> [YOUR GOAL]: Transcribe, exactly and without pictures, the lines below from the line with "Teton Dam Marathon" to the line with "Color bed linen", both ends included, and no others.

> [GIVEN DATA]:
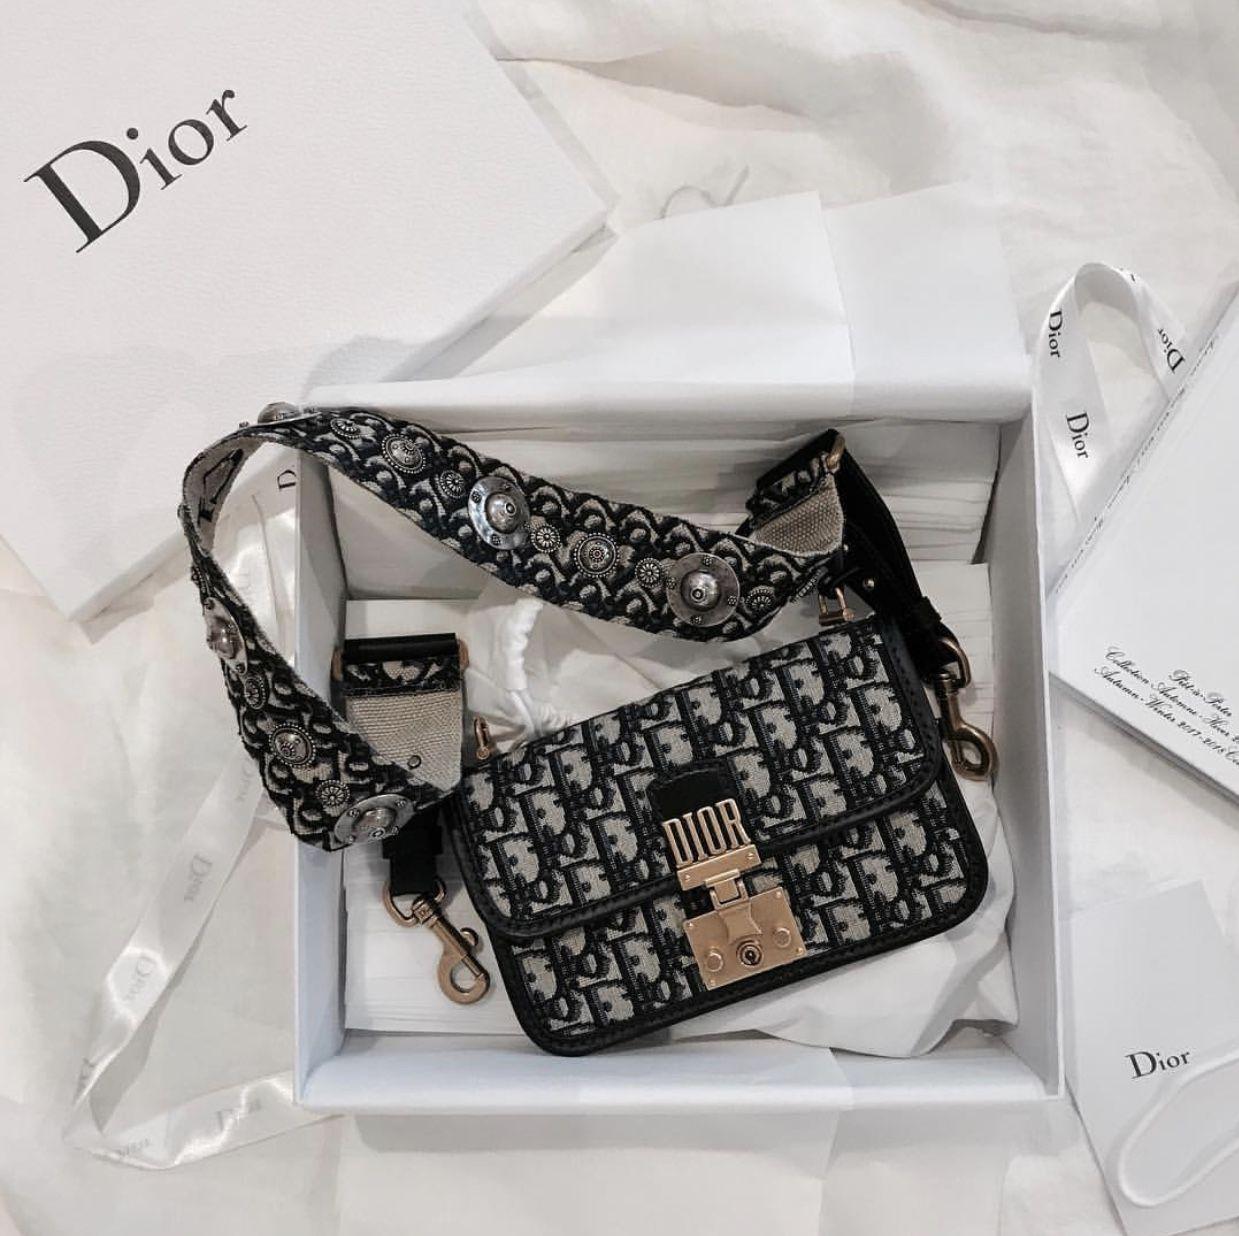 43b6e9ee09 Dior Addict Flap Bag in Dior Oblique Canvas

...

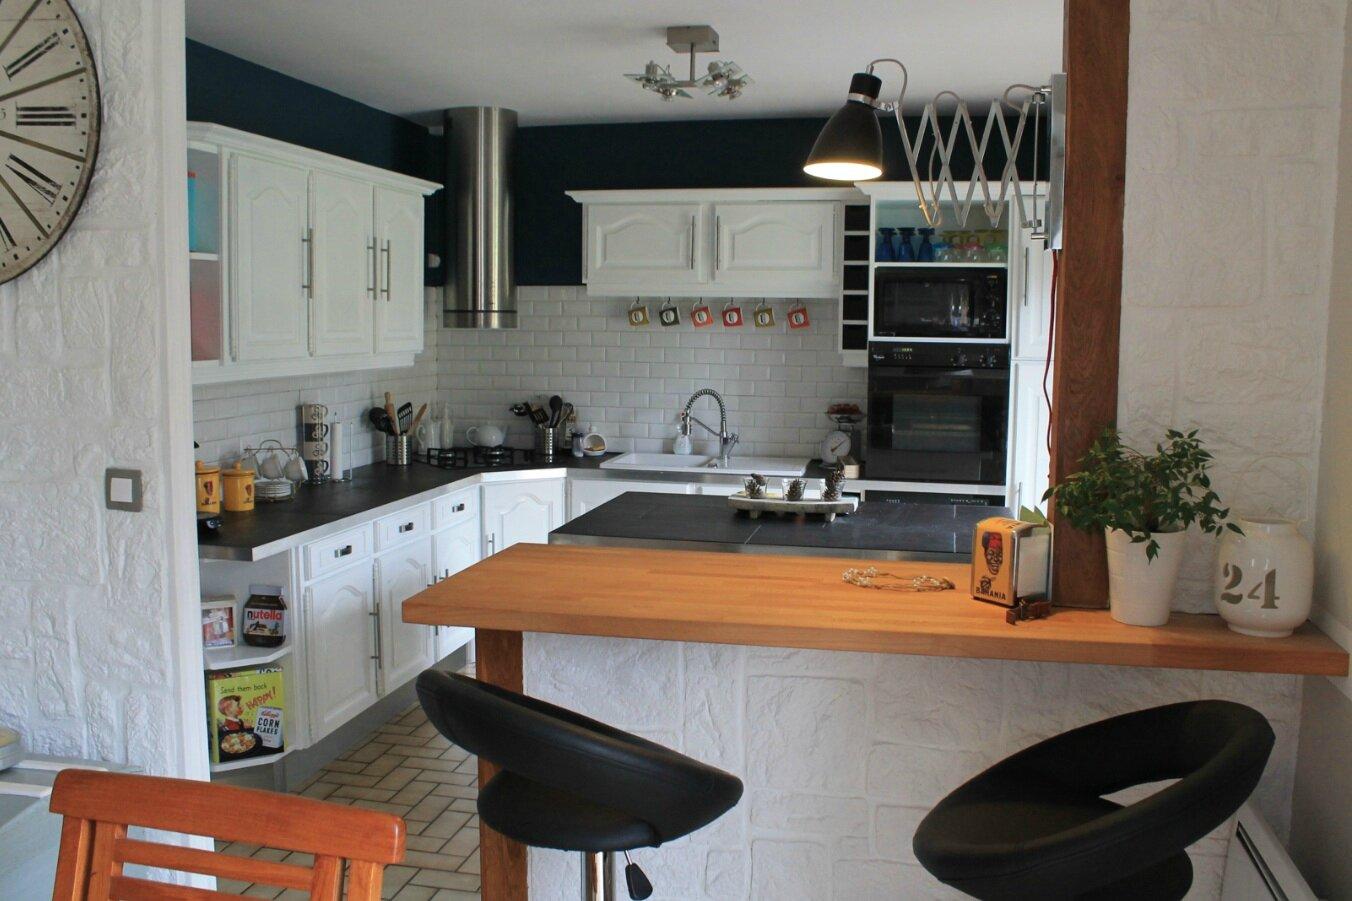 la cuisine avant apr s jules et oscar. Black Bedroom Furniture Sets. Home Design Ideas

--

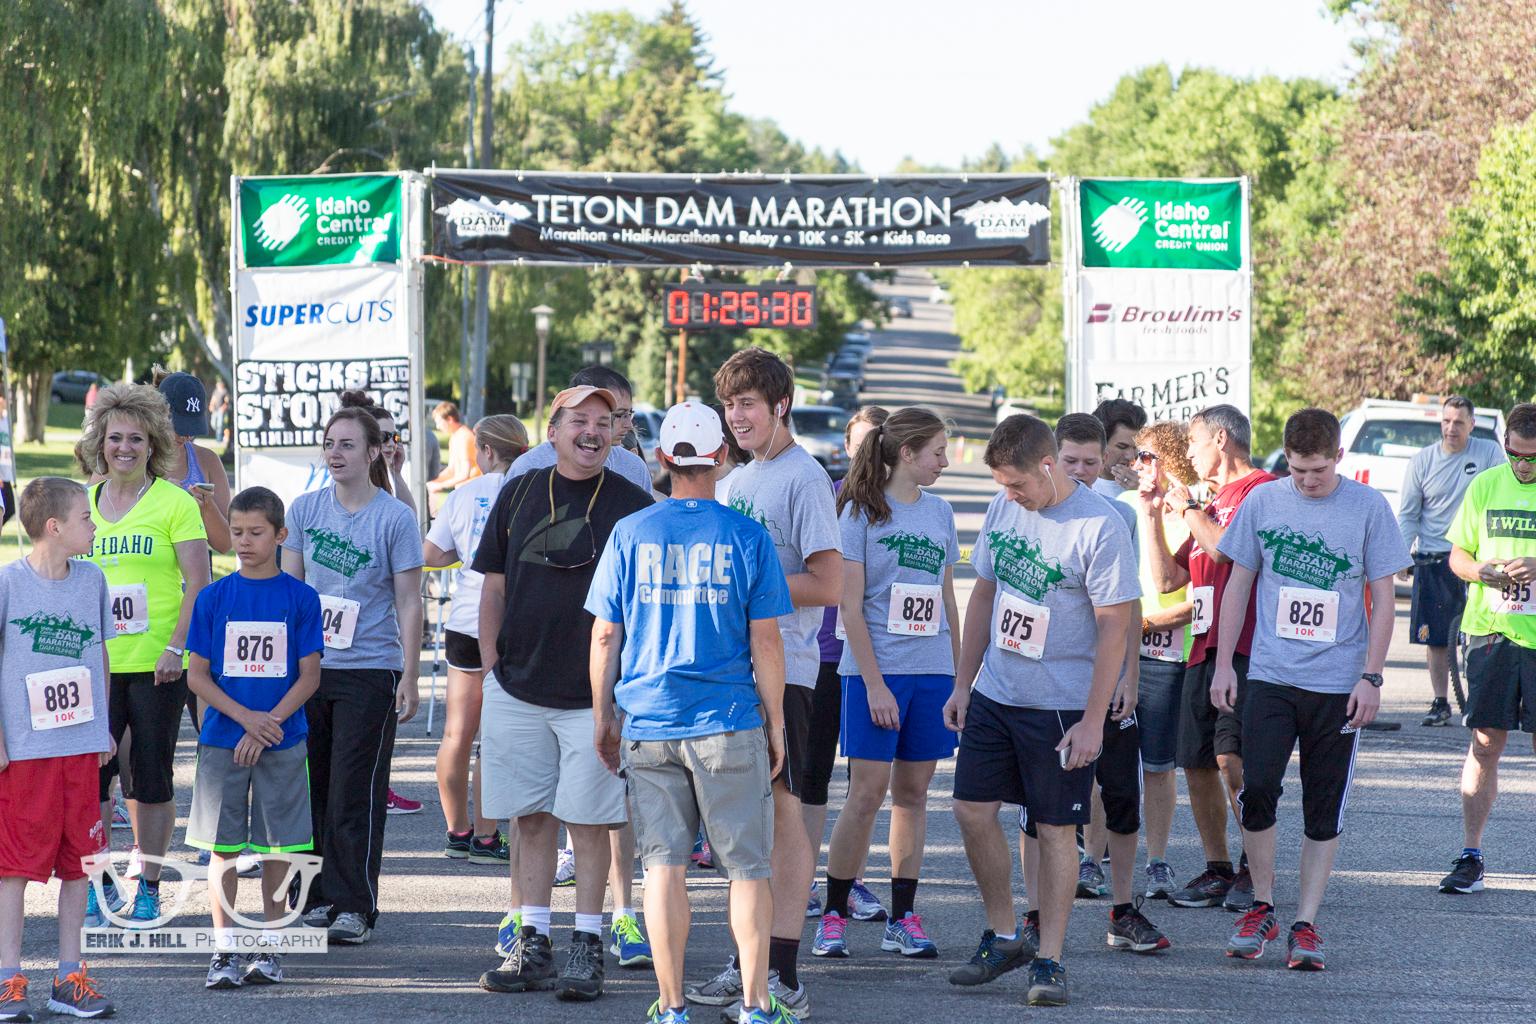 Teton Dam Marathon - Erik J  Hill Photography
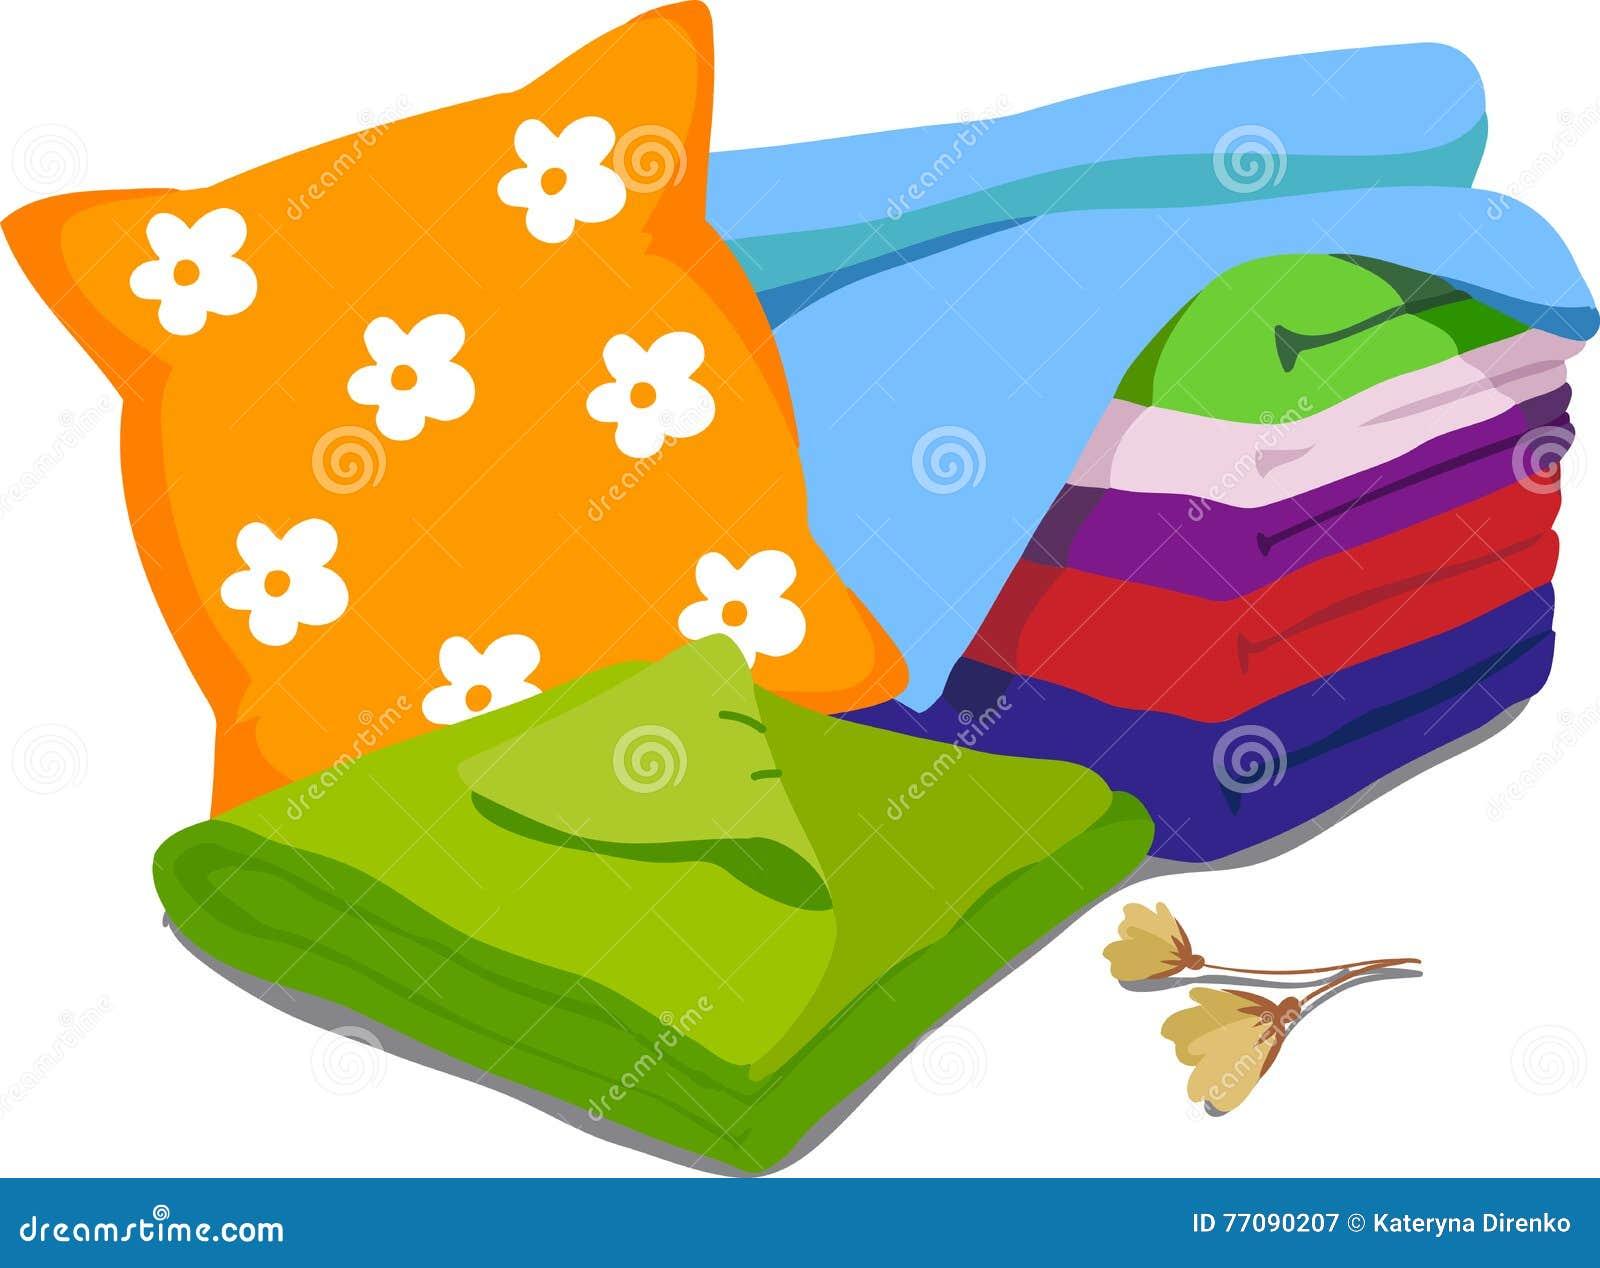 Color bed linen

> [WRITTEN RESPONSE]:
 Teton Dam Marathon - Erik J  Hill Photography
 Color bed linen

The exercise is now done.